** Input material follows **

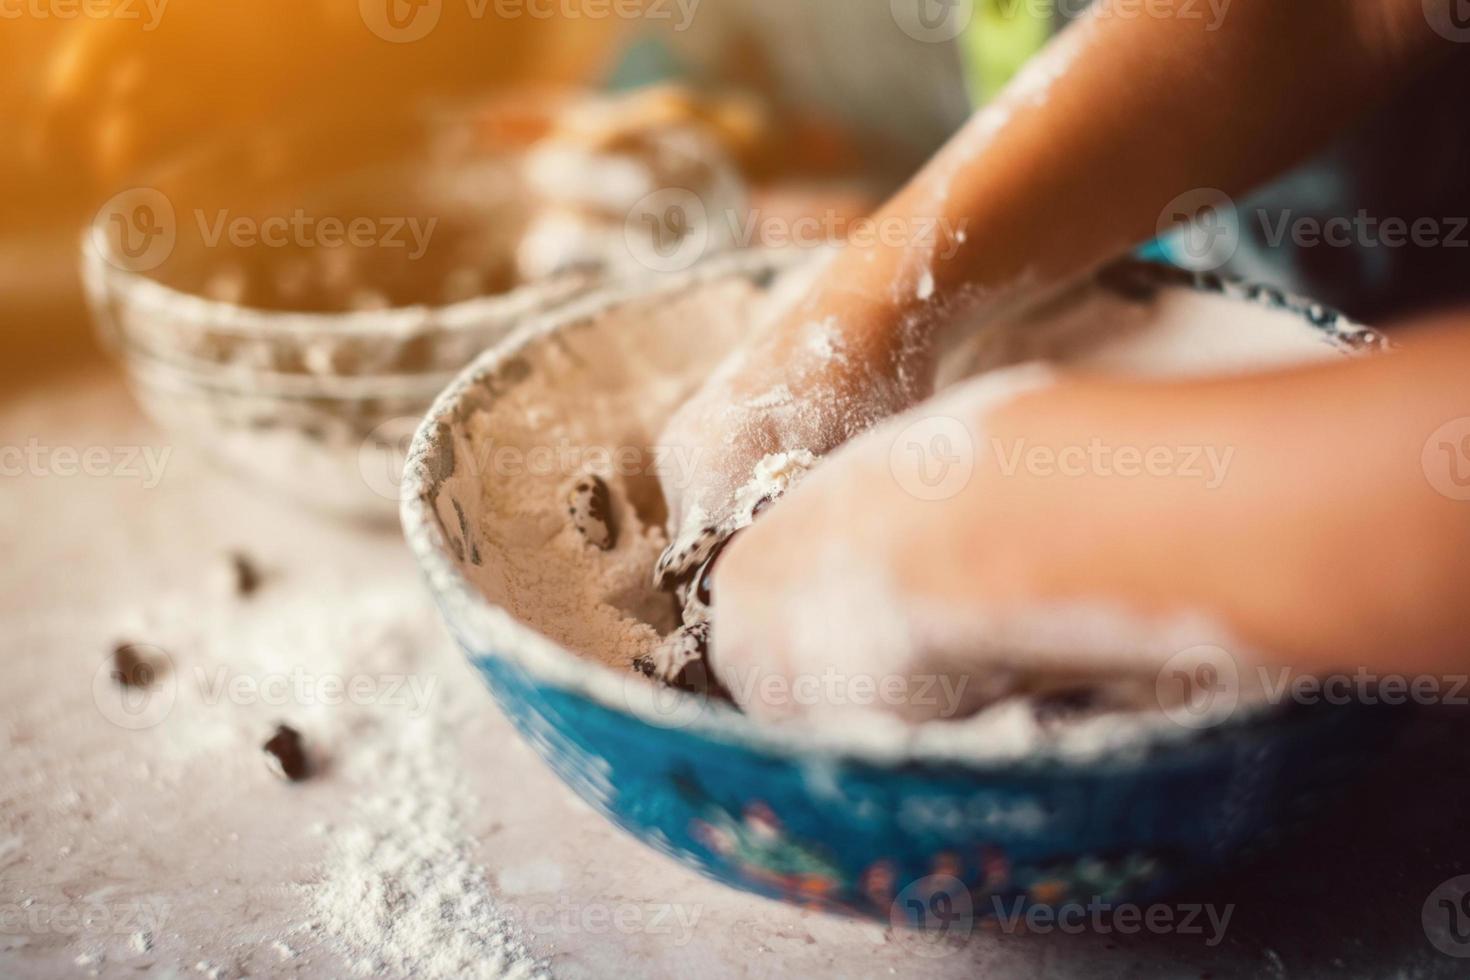 Girls hand in flour photo
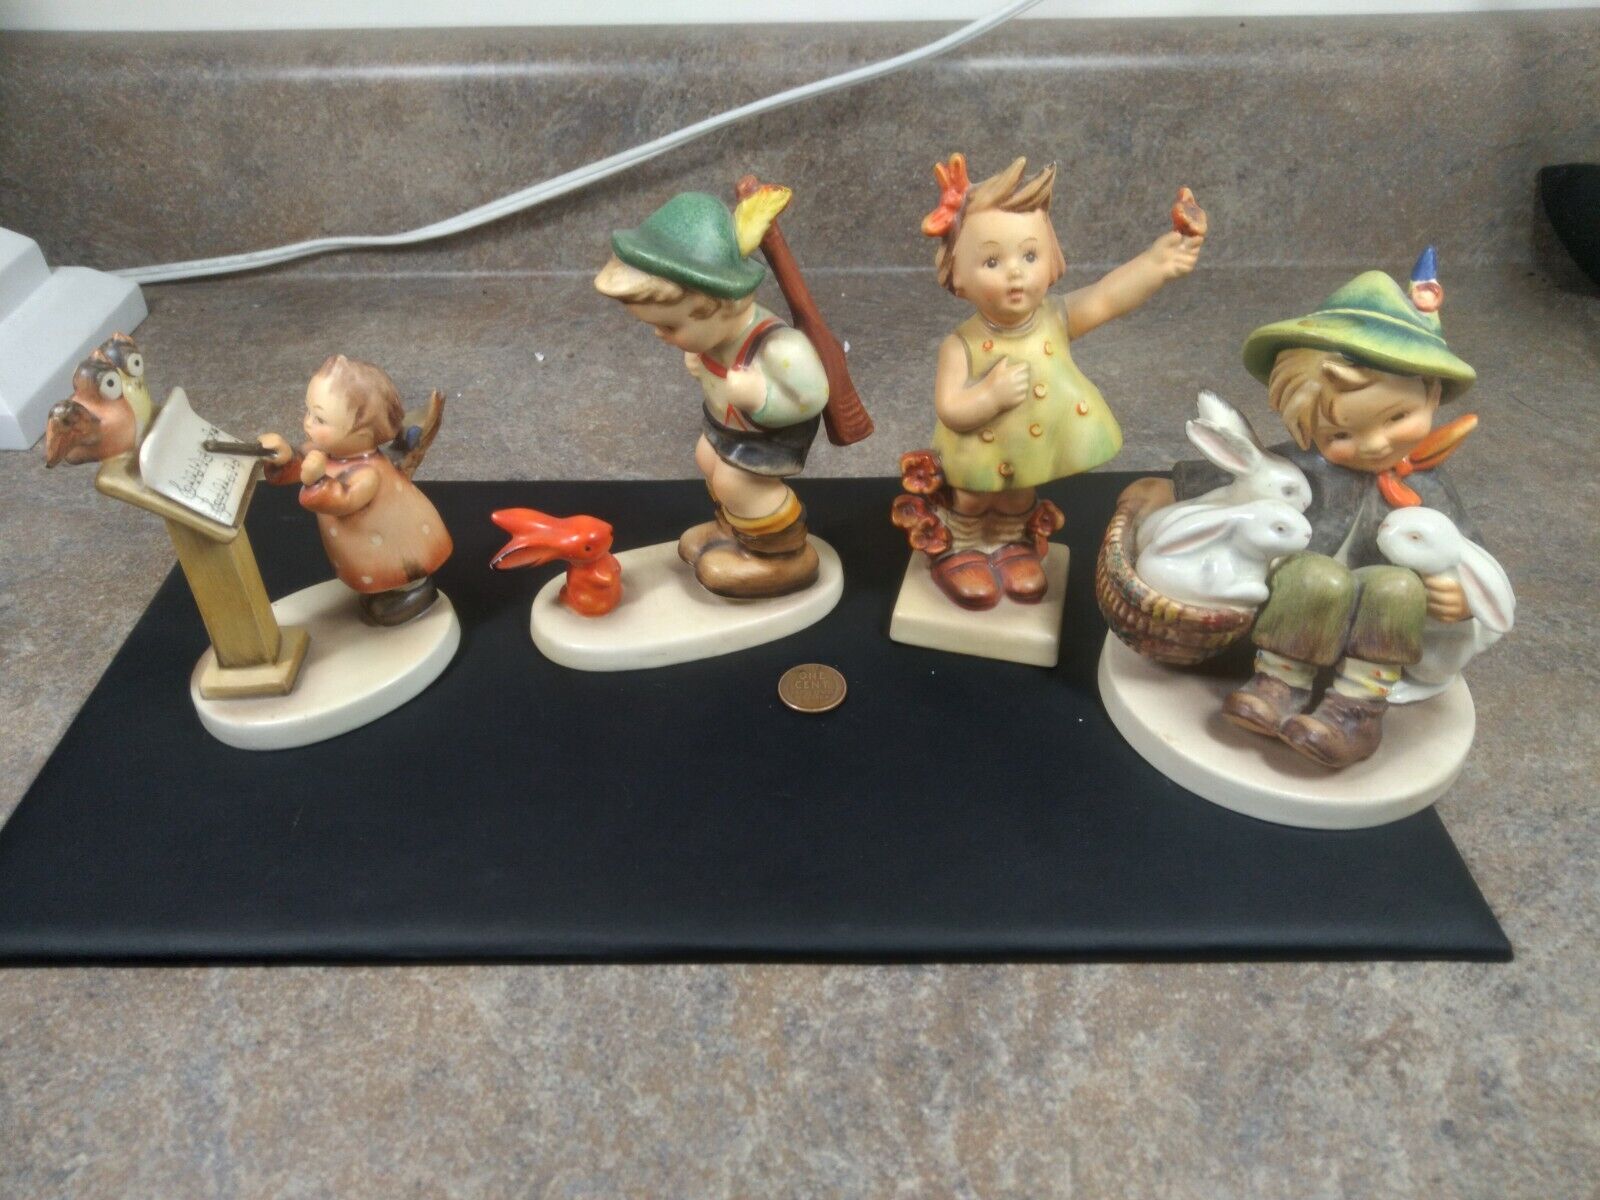 Lot of 4 Vintage Goebel Hummel Figurines #169, 58/1, 6/0, 72 All TMK 3
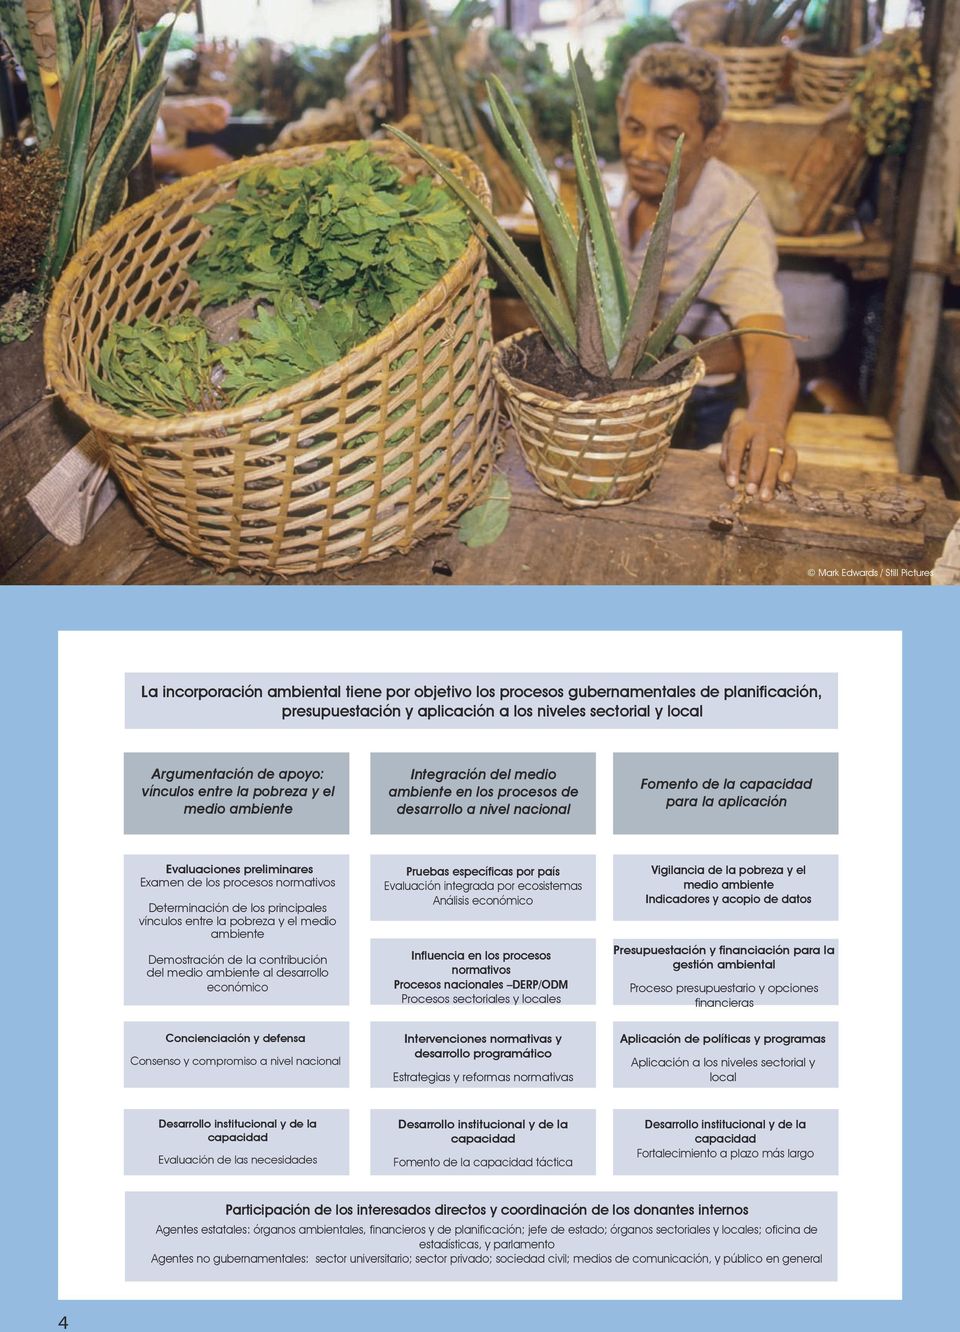 preliminares Examen de los procesos normativos Determinación de los principales vínculos entre la pobreza y el medio ambiente Demostración de la contribución del medio ambiente al desarrollo
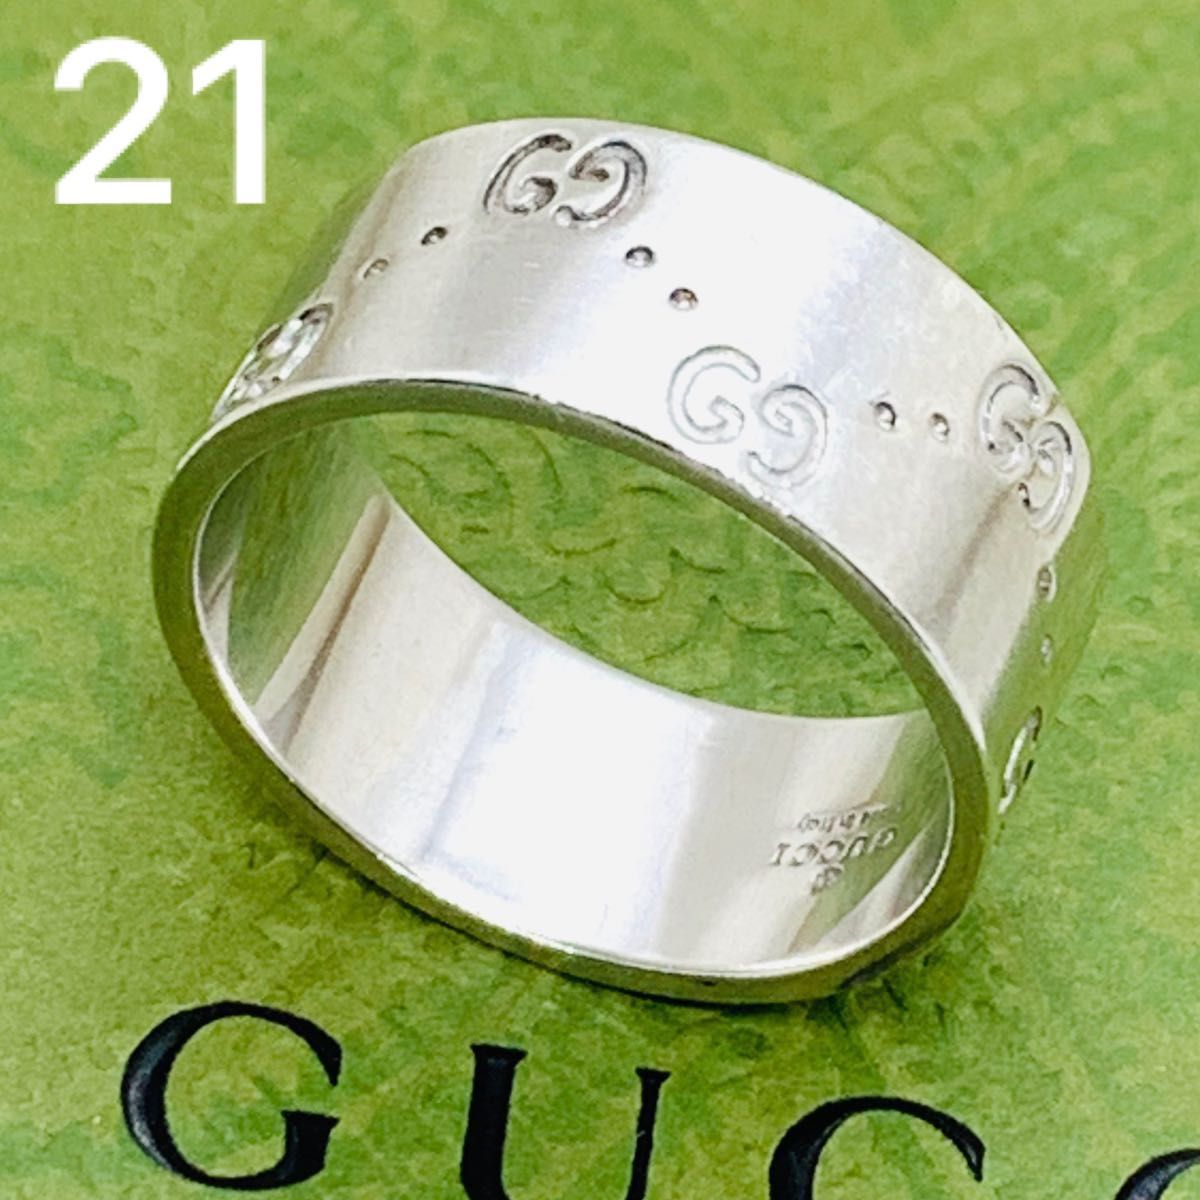 GUCCI グッチ アイコン k18 750 gg ダブルg リング 指輪 20号 サイズ 21 フルデザイン ワイド Yahoo!フリマ（旧）のサムネイル
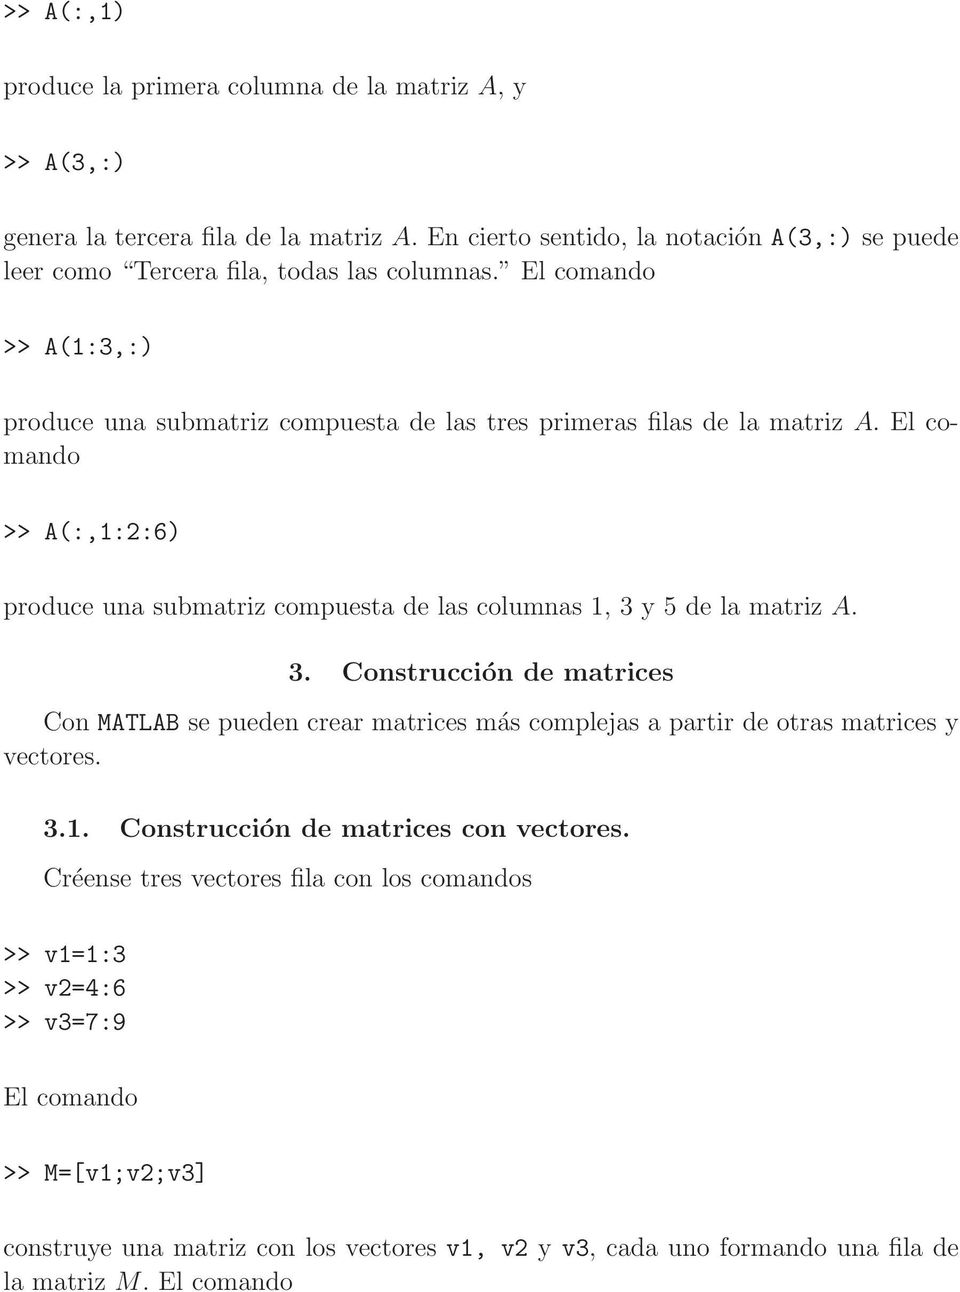 El comando >> A(:,1:2:6) produce una submatriz compuesta de las columnas 1, 3

** End of Input material **

Exercise objective -> Could you set down, exactly as written, every line from the start of the records above through the line containing "preliminares Examen de", leaving the pictures out?

Task answer ->
 Girls hand in flour photo
 Lot of 4 Vintage Goebel Hummel Figurines #169, 58/1, 6/0, 72 All TMK 3
 preliminares Examen de los procesos normativos Determinación de los principales vínculos entre la pobreza y el medio ambiente Demostración de la contribución del medio ambiente al desarrollo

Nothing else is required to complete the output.